AIM OF THE TASK: Copy out the listing that follows, exactly, without its pictures.

GIVEN DATA: Begin

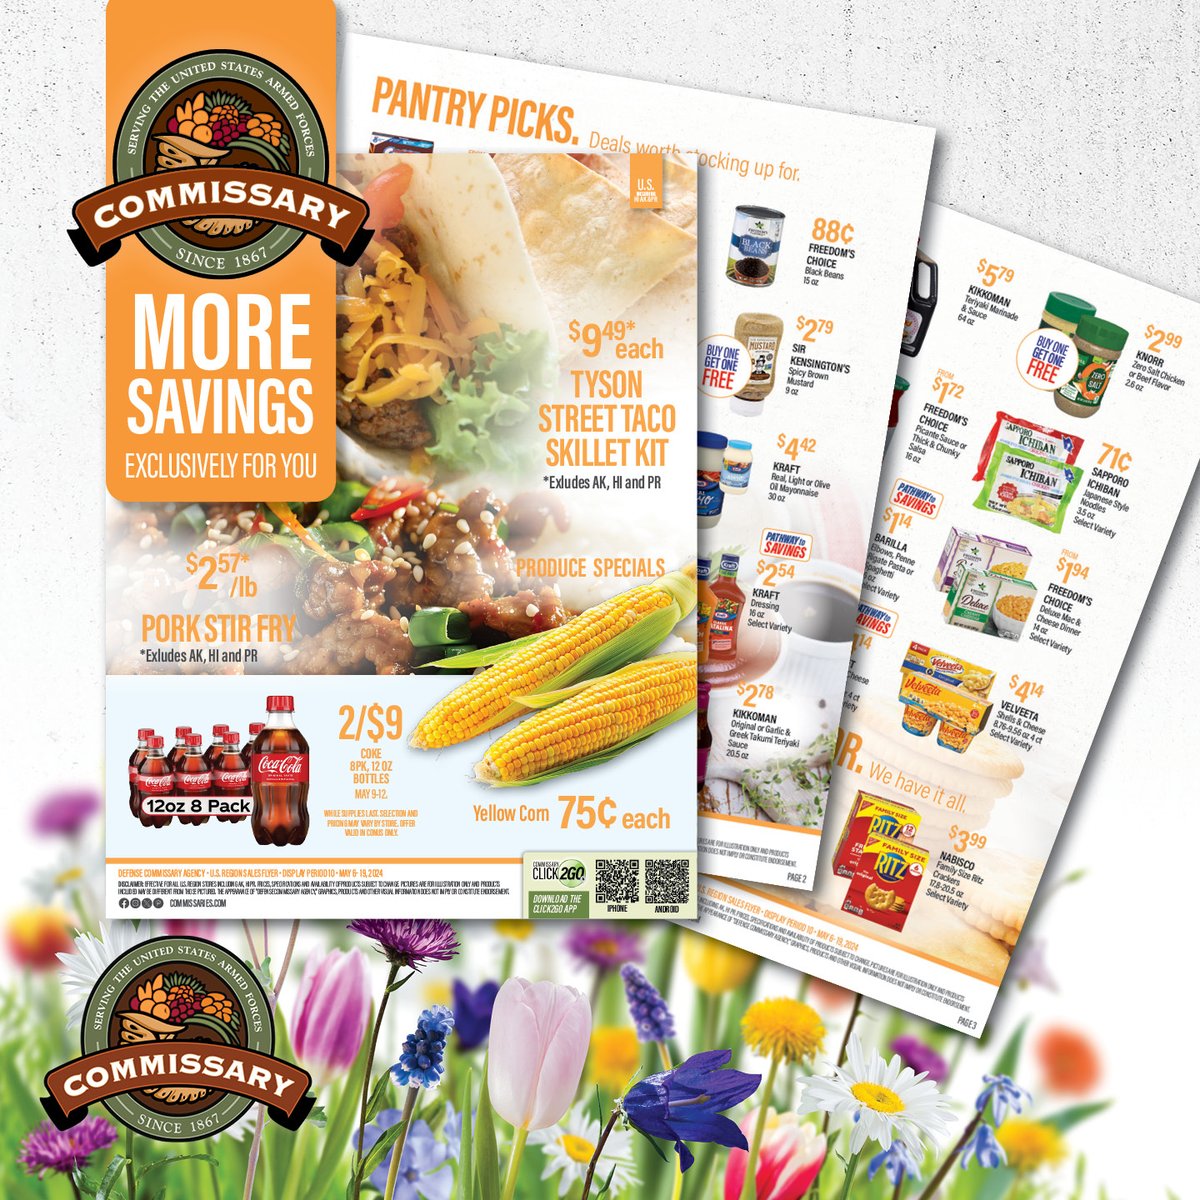 Stock your pantry with irresistible deals in the Commissary Sales Flyer for May 6-19: corp.commissaries.com/our-agency/new…

#commissarysavings #milfam #milso
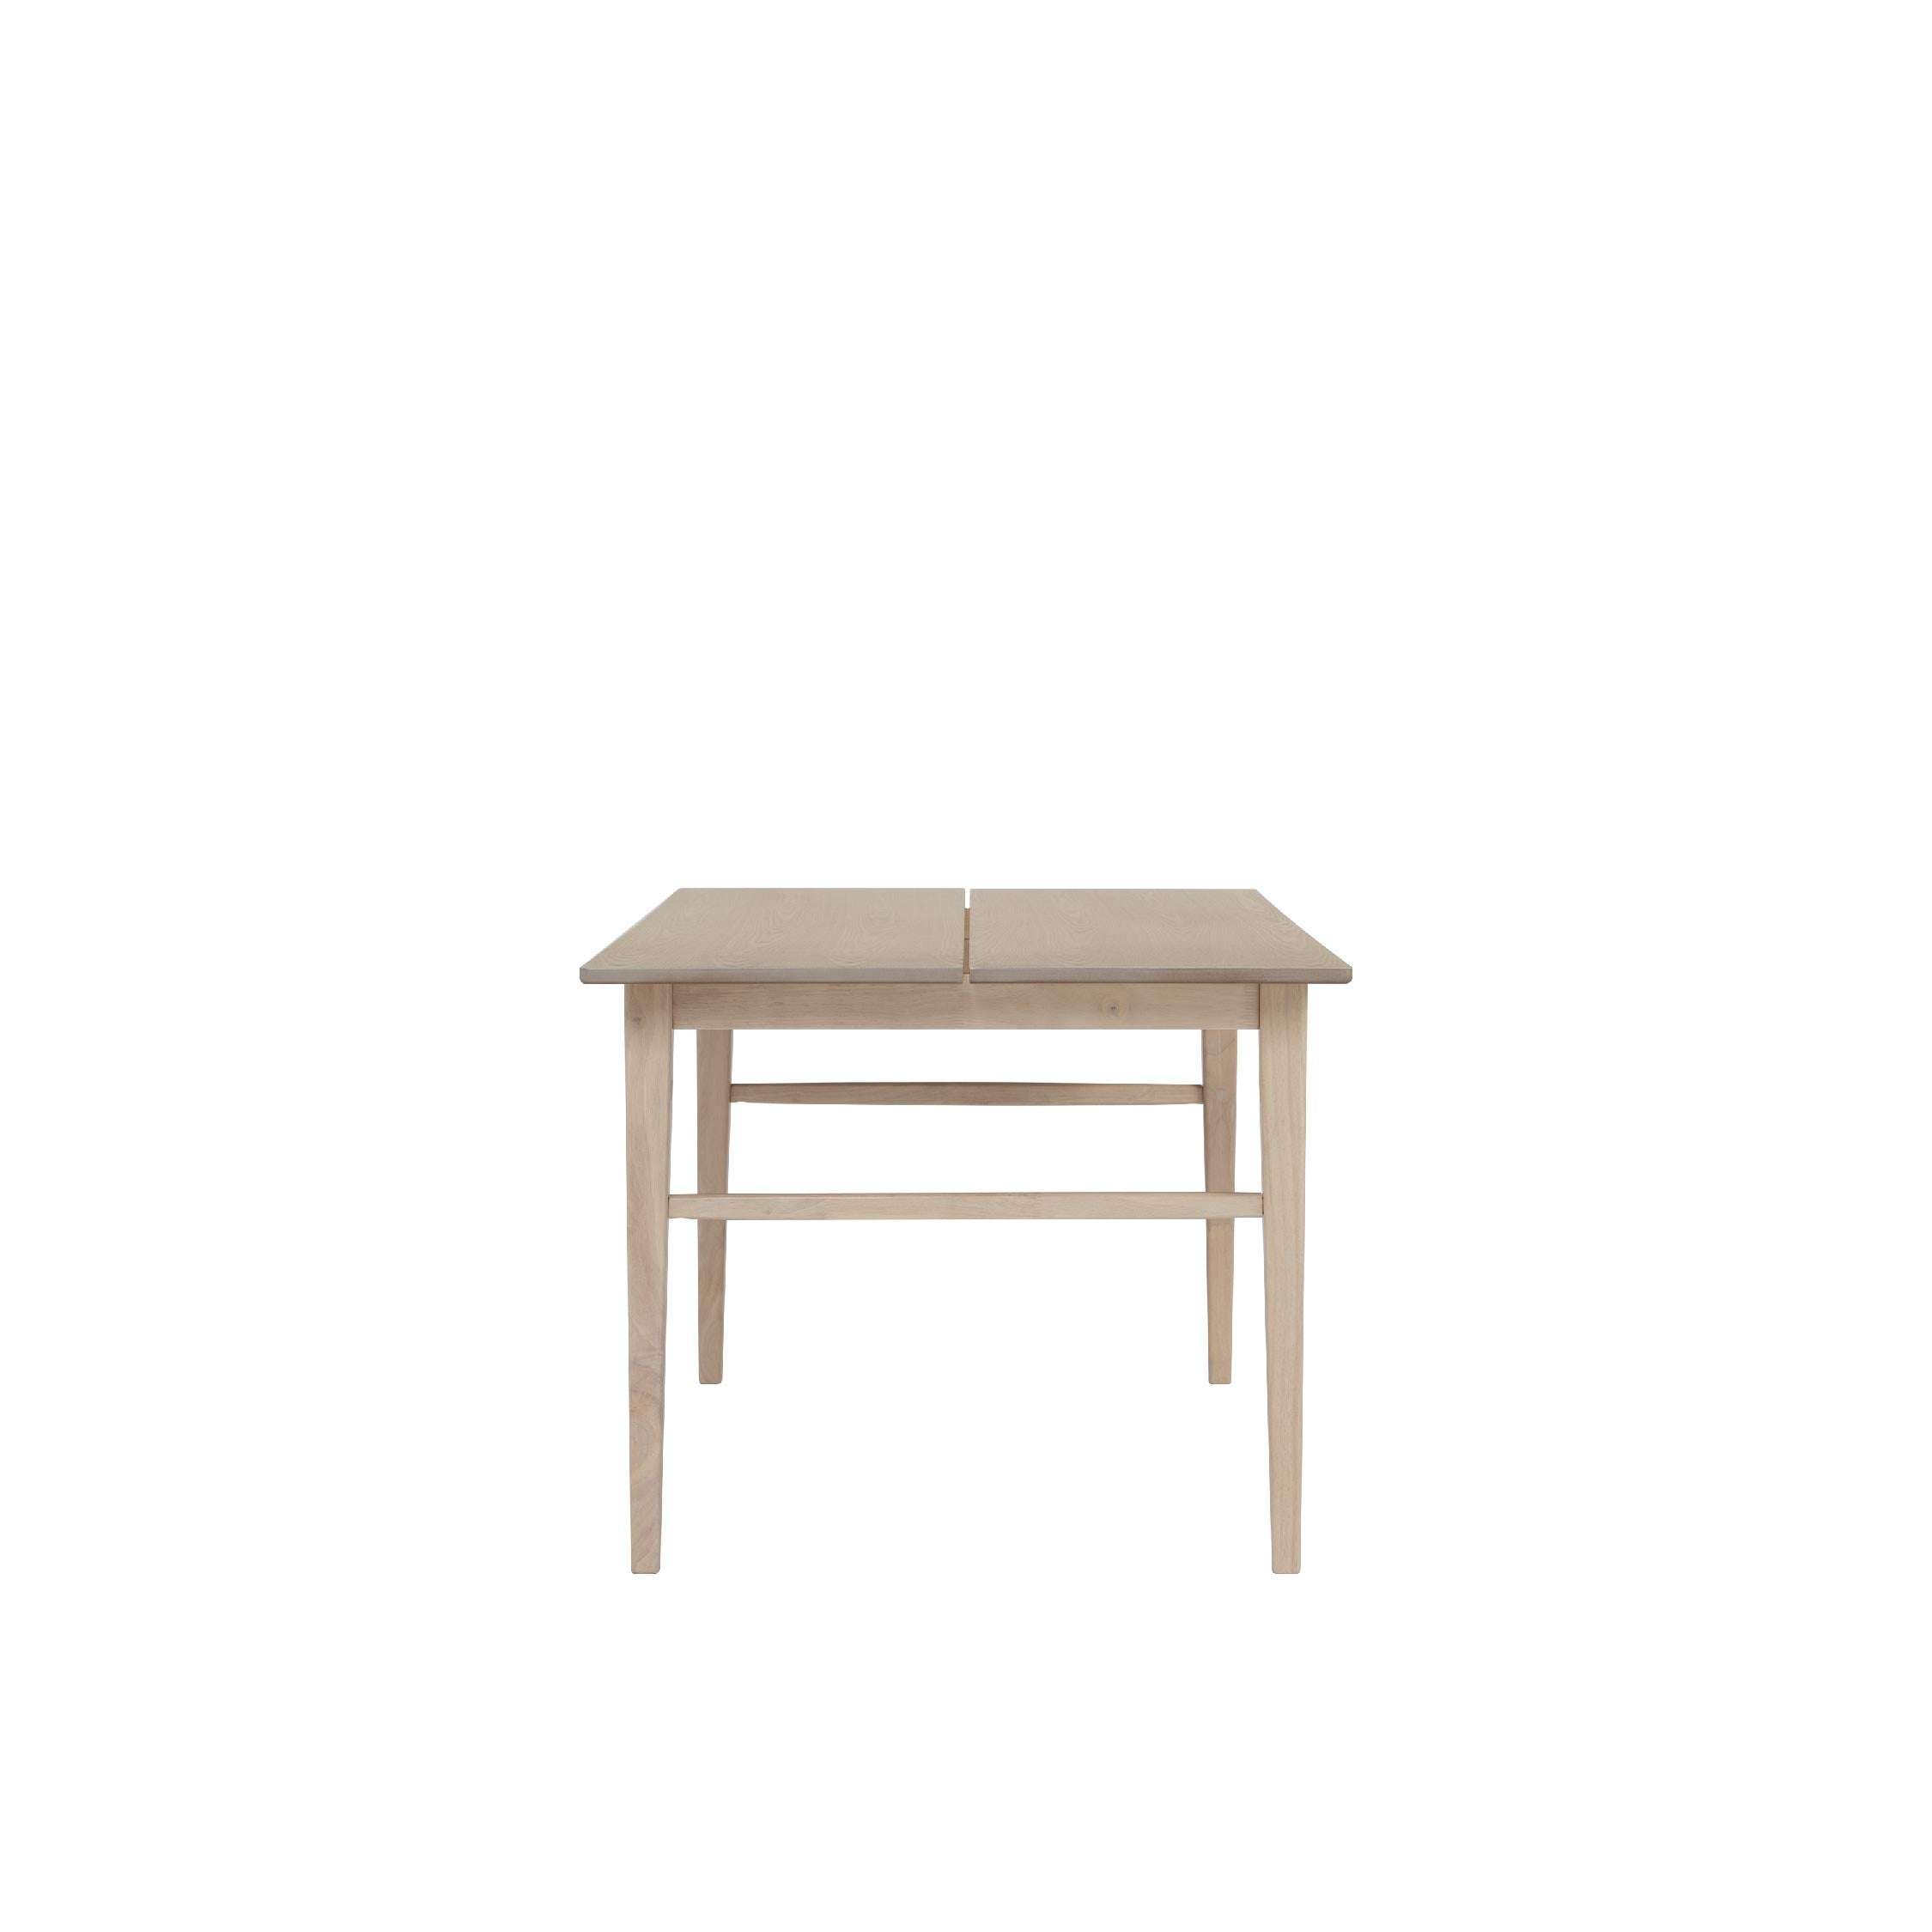 SOLID Dining Table II 1.8m
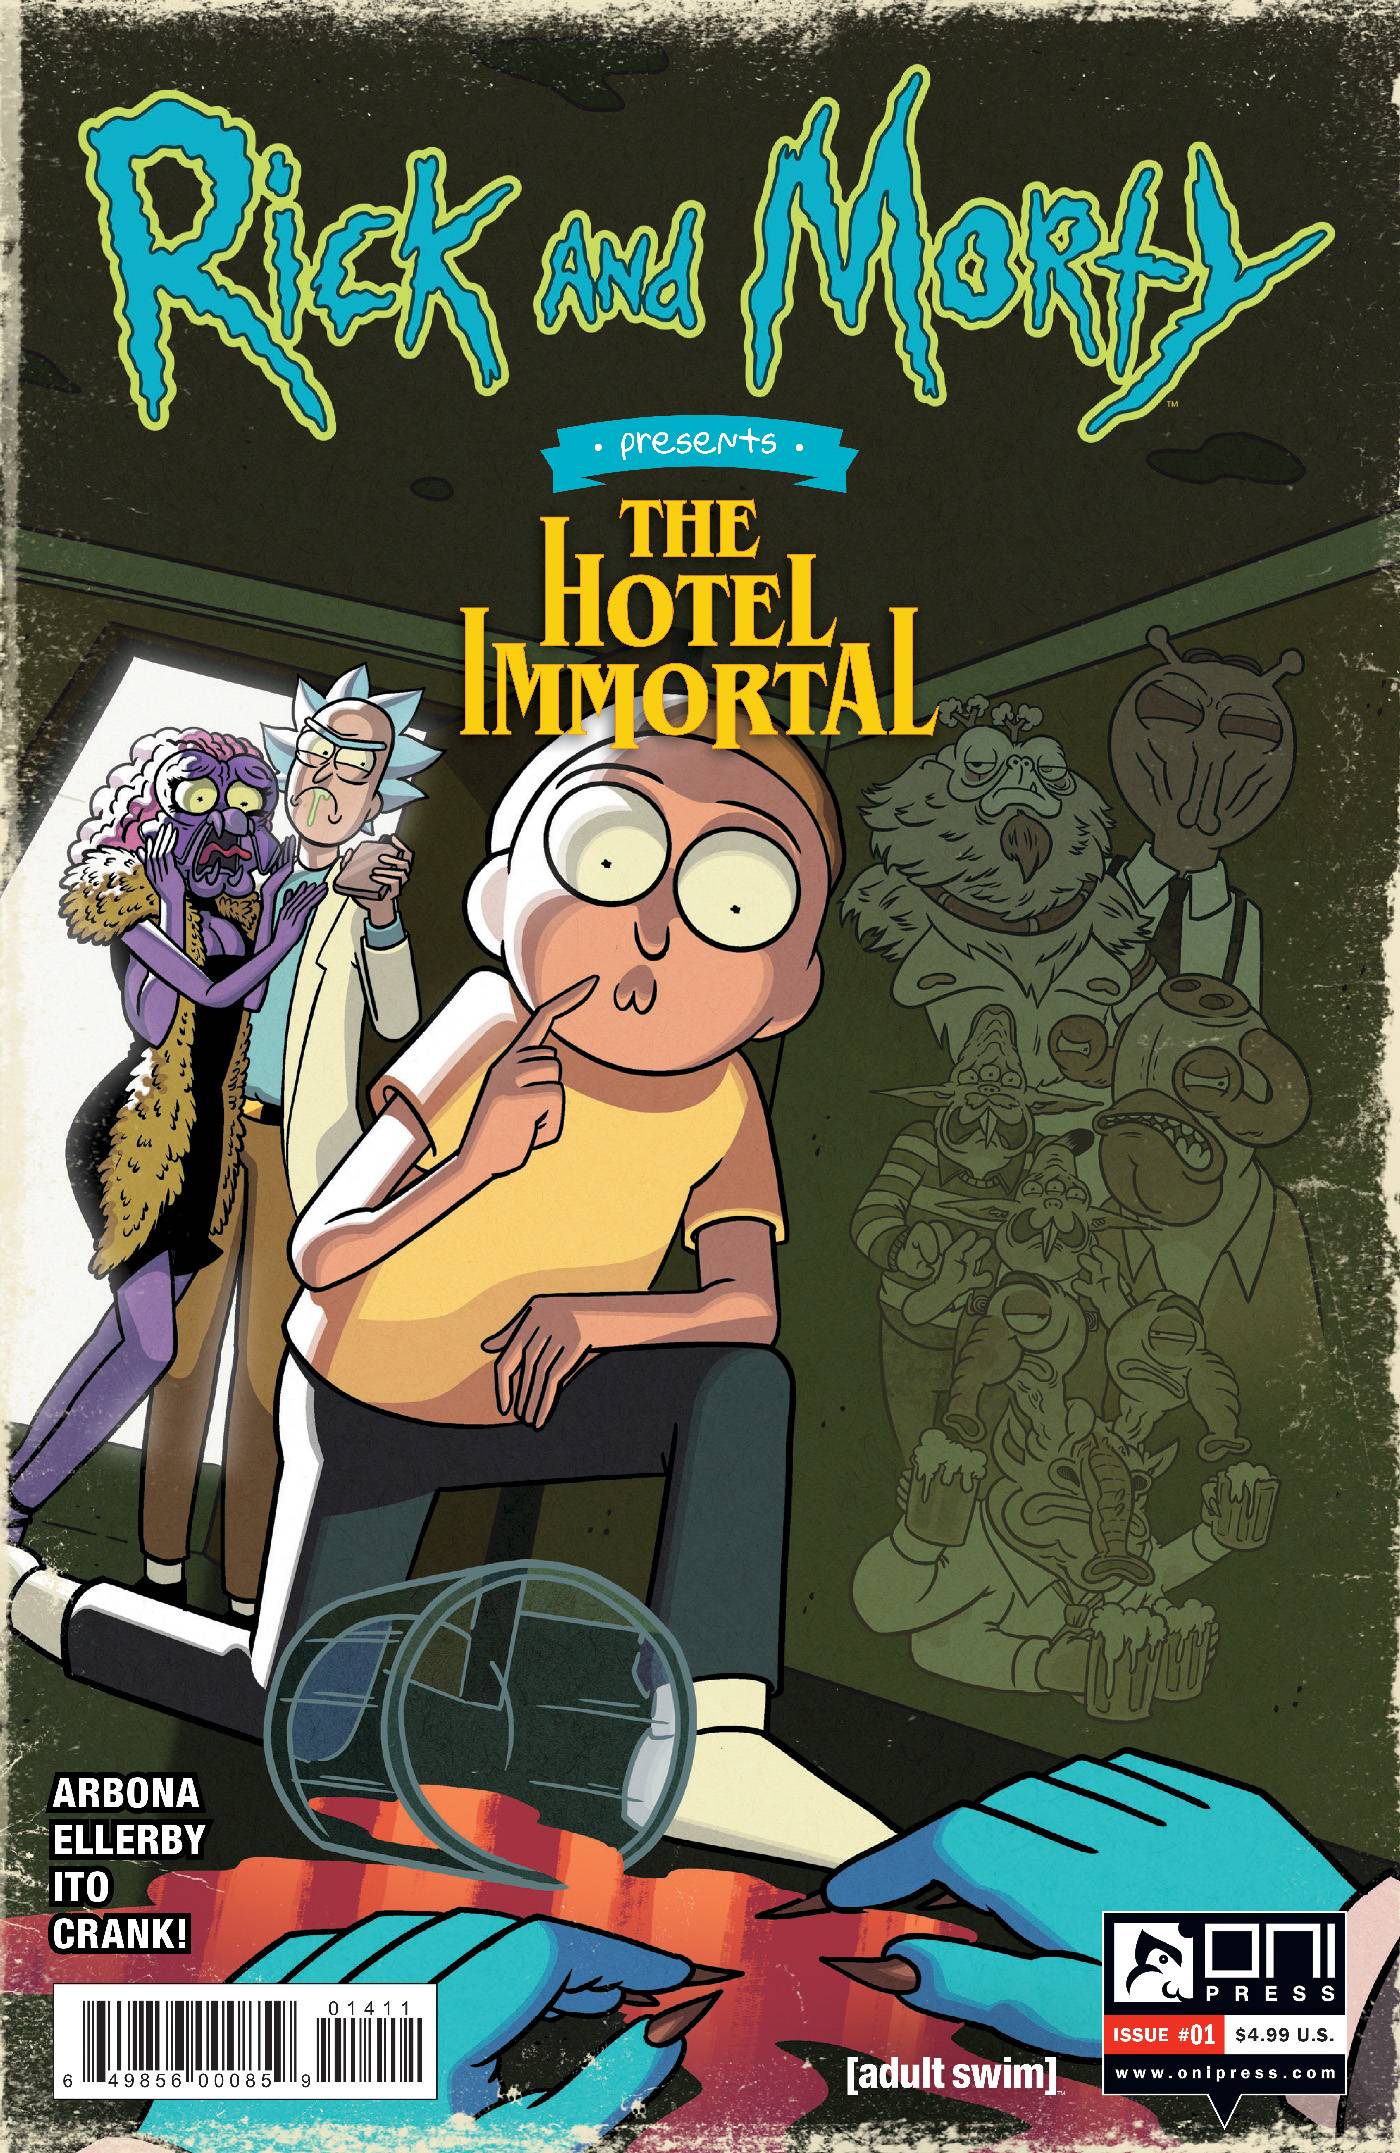 Rick and Morty Presents Hotel Immortal #1 Cover A Ellerby (Mature)

GIVEN DATA: End

RESPONSE FOR THIS EXERCISE:
 Stock your pantry with irresistible deals in the Commissary Sales Flyer for May 6-19: corp.commissaries.com/our-agency/new…

#commissarysavings #milfam #milso
 SOLID Dining Table II 1.8m
 Rick and Morty Presents Hotel Immortal #1 Cover A Ellerby (Mature)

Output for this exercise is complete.